Perhaps they could add a stand-down period and require 2FA for account authorisation changes? That would prevent surprise lock-outs at least. 

Also the IC3 sounds like a mistake but it's understandable that most people would panic in this situation.


----------



## el-bo (Feb 20, 2020)

Buz said:


> What could YT do to handle this fairly on a policy scale? The situation sounds terrible but you can understand why they won't override their own security for someone. He might have a rock solid individual case but on a large scale it'll open a new fraud angle and would require resources to prevent this becoming a net harm.
> 
> Perhaps they could add a stand-down period and require 2FA for account authorisation changes? That would prevent surprise lock-outs at least.
> 
> Also the IC3 sounds like a mistake but it's understandable that most people would panic in this situation.



I'd have suggested that these cases do indeed need to be considered on an individual basis. But I guess you're right in suggesting that could be problematic.

I just hope he gets his access back, and, more importantly, he doesn't lose any non-YT business.


----------



## Zedcars (Feb 20, 2020)

Maybe there’s a grey hat hacker already trying to get it back for him. That would be awesome. Beat them at their own lame game.


----------



## patrick76 (Feb 20, 2020)

F google. Pathetic. Not surprising though.


----------



## ironbut (Feb 20, 2020)

What a mess!
Good luck and fingers crossed that justice will prevail!


----------



## Consona (Feb 23, 2020)

I'm really curious how will the situation progress. It would be utmost absurd if such a giant as Google could not fix things and help David in this situation. Hope everything turns out well!


----------



## el-bo (Feb 23, 2020)

Consona said:


> I'm really curious how will the situation progress. It would be utmost absurd if such a giant as Google could not fix things and help David in this situation. Hope everything turns out well!

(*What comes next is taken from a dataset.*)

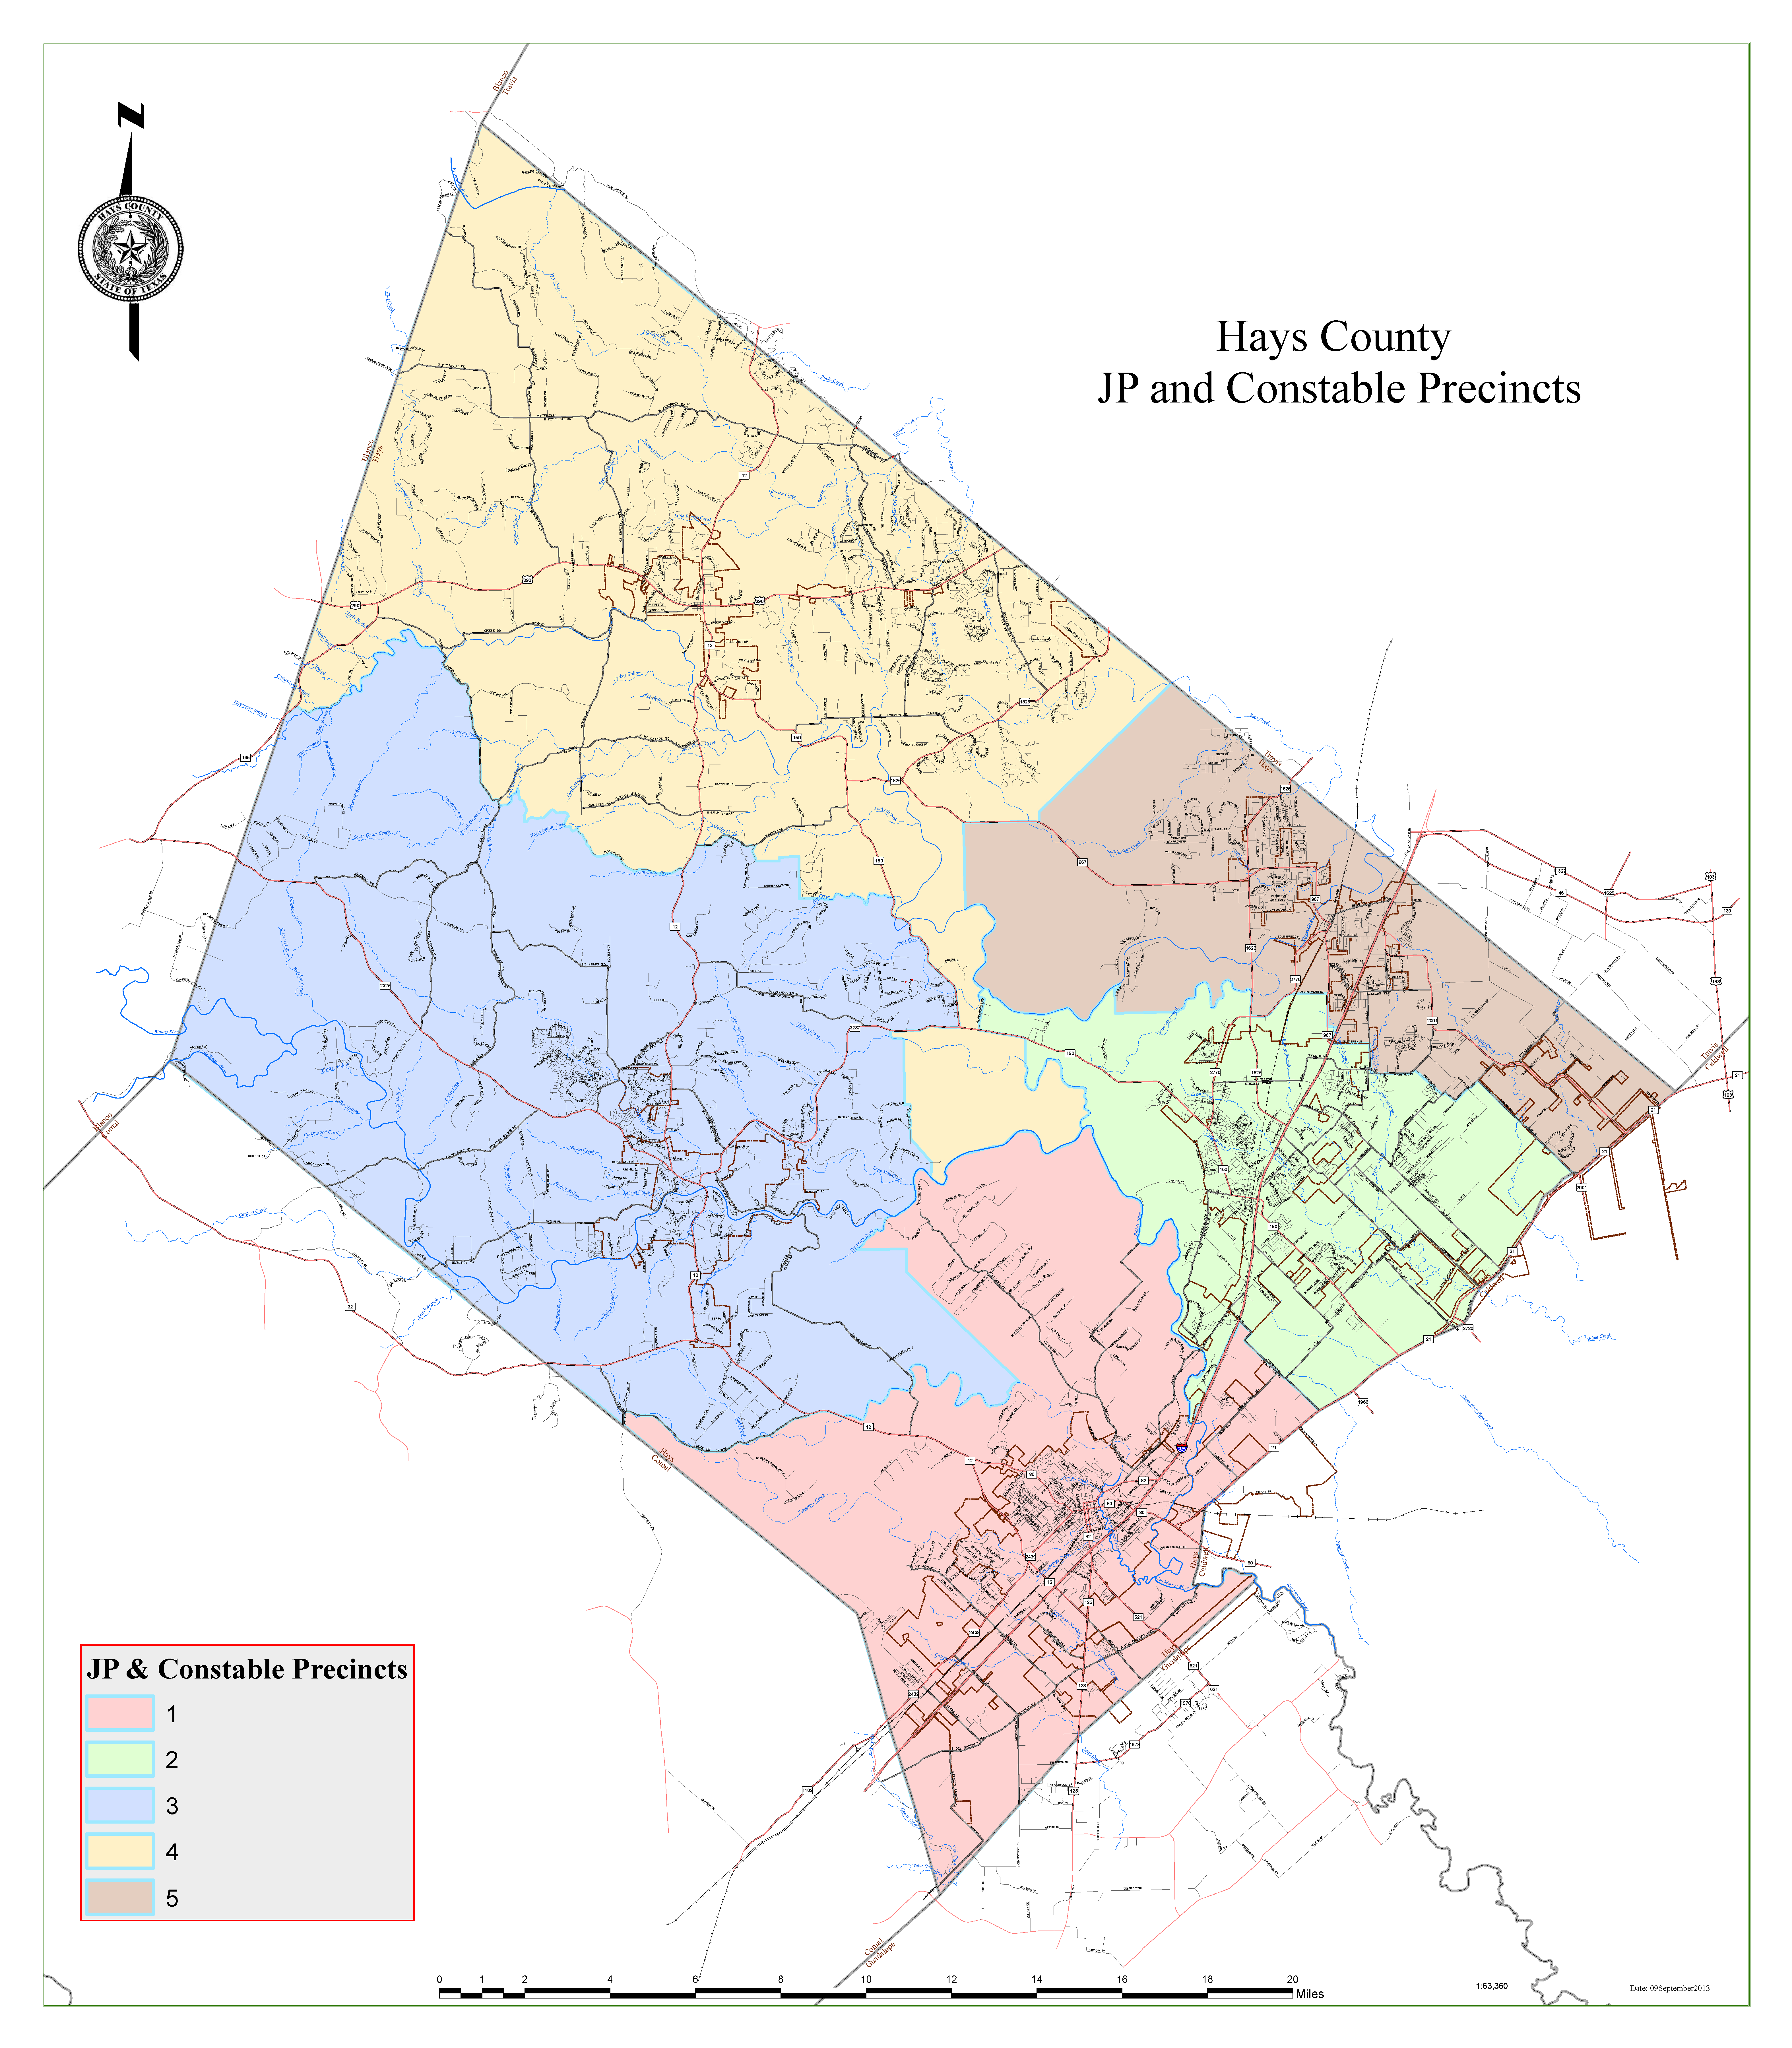 JP and Constable Precincts

Was just coming to post an update. He has the channel back


----------



## el-bo (Feb 23, 2020)

Definitely worth checking out, for anybody not yet subscribed!


----------



## Consona (Feb 23, 2020)

el-bo said:


> Was just coming to post an update. He has the channel back



Thx for the update. Good to hear they set the things right.


----------



## el-bo (Feb 23, 2020)

Consona said:


> Thx for the update. Good to hear they set the things right.

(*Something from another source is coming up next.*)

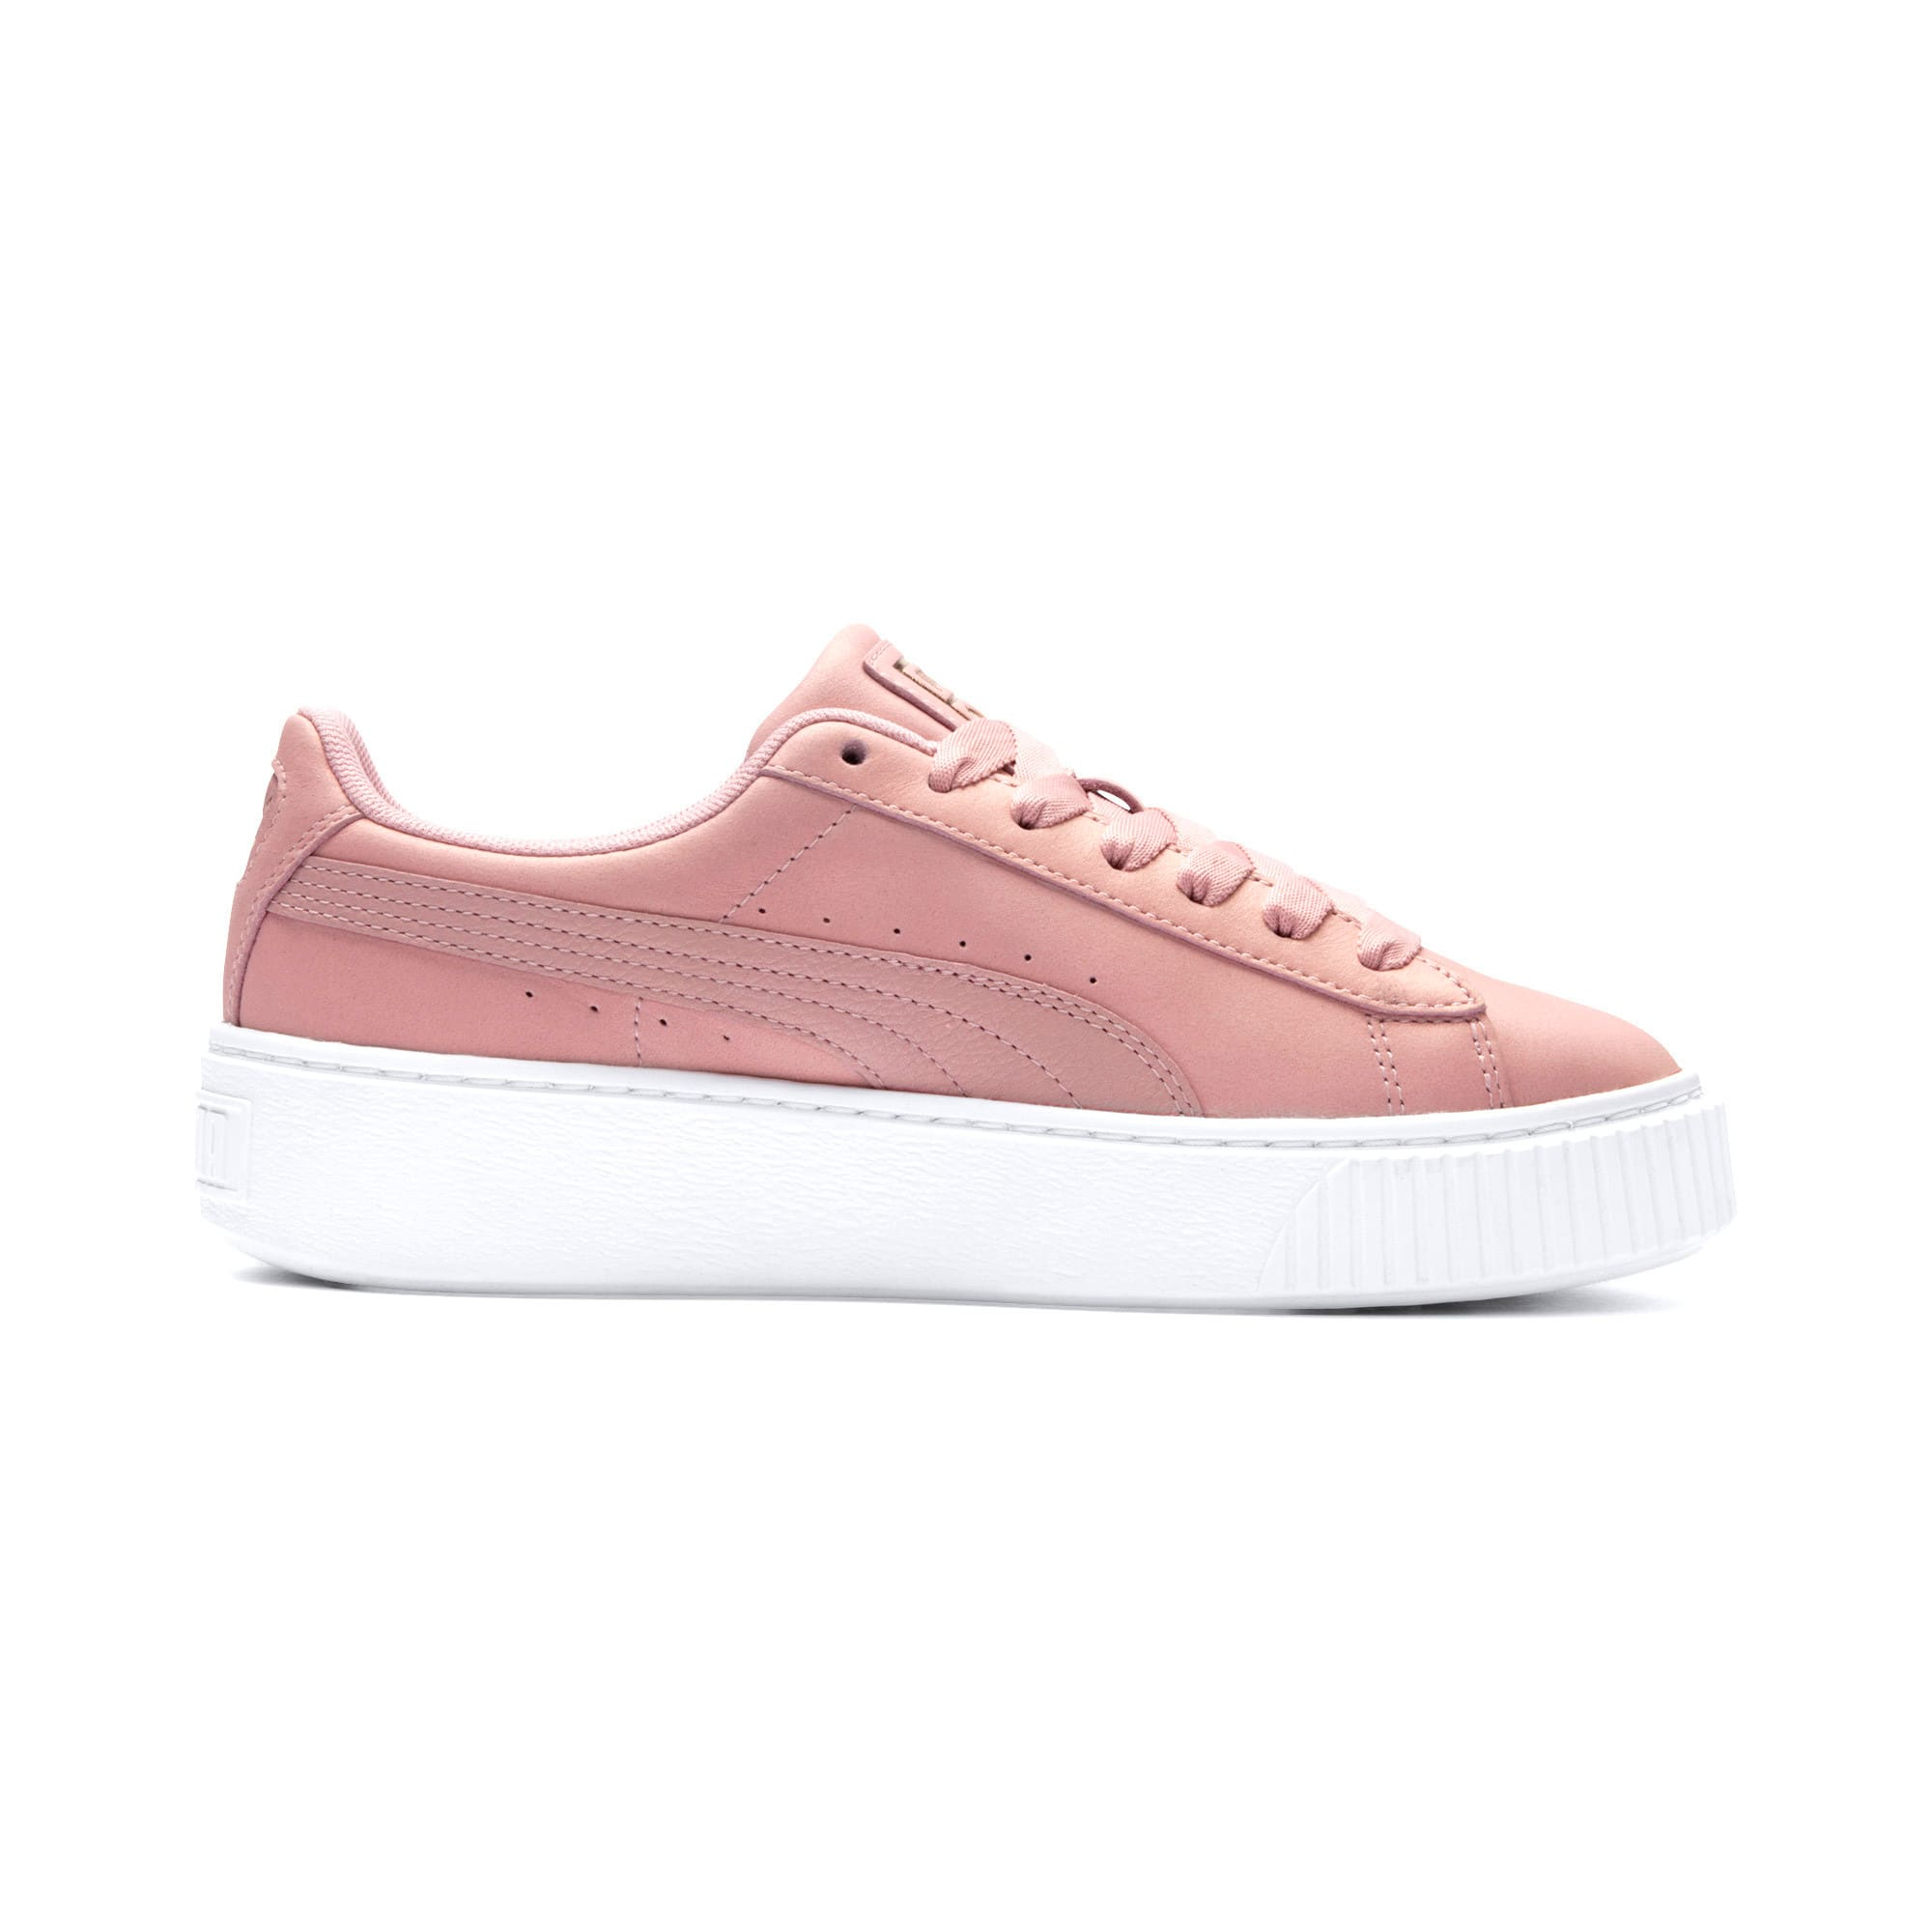 Damen Sneaker Pink von Puma | CLINIC DRESS

Indeed! He will be posting an update in the coming days. Will be quite interesting to hear how it all went down.


----------



## GNP (Apr 23, 2020)

His YouTube channel is down...AGAIN.


----------



## el-bo (Apr 23, 2020)

GNP said:


> His YouTube channel is down...AGAIN.



So it seems. Another member on KVR heard from him, and apparently whoever was responsible for the previous hack was able to upload copyrighted material to the channel...resulting in channel termination.
I don't really follow people outside of YT, so I don't know if David has posted any more info on his other social media.


----------



## GNP (Apr 23, 2020)

el-bo said:


> So it seems. Another member on KVR heard from him, and apparently whoever was responsible for the previous hack was able to upload copyrighted material to the channel...resulting in channel termination.
> I don't really follow people outside of YT, so I don't know if David has posted any more info on his other social media.



Damn it!


----------



## JEPA (Apr 23, 2020)

Lesson to learn: don't build a business based on Youtube


----------



## GNP (Apr 23, 2020)

JEPA said:


> Lesson to learn: don't build a business based on Youtube



Lol. However, there are plenty of YouTubers who haven't had anything bad happen to them. Also, David mentioned YouTube isn't his primary source of income. I just don't understand why he's targeted.


----------



## GNP (Apr 23, 2020)

Oh wait a minute, his channel is BACK!


----------



## RogiervG (May 9, 2020)

i understand his anger and feeling stolen from. sure...but with these arguments given he makes google the bad boy in the whole... but its not their fault. its mixbus its own risc. simple. access to the channel became possible due to faulty on the hand of mixbus. channels arent hacked, which means gaining access by abusing the code weaknesses and implementations, no they are takenover because they gained access to the credentials on forehand. might be a weak password, dictionary based, or a leak on his computer or network in his household or studio. the blame lays at his side of things. the eula of youtube states on forehand what their policy is in security sense.


----------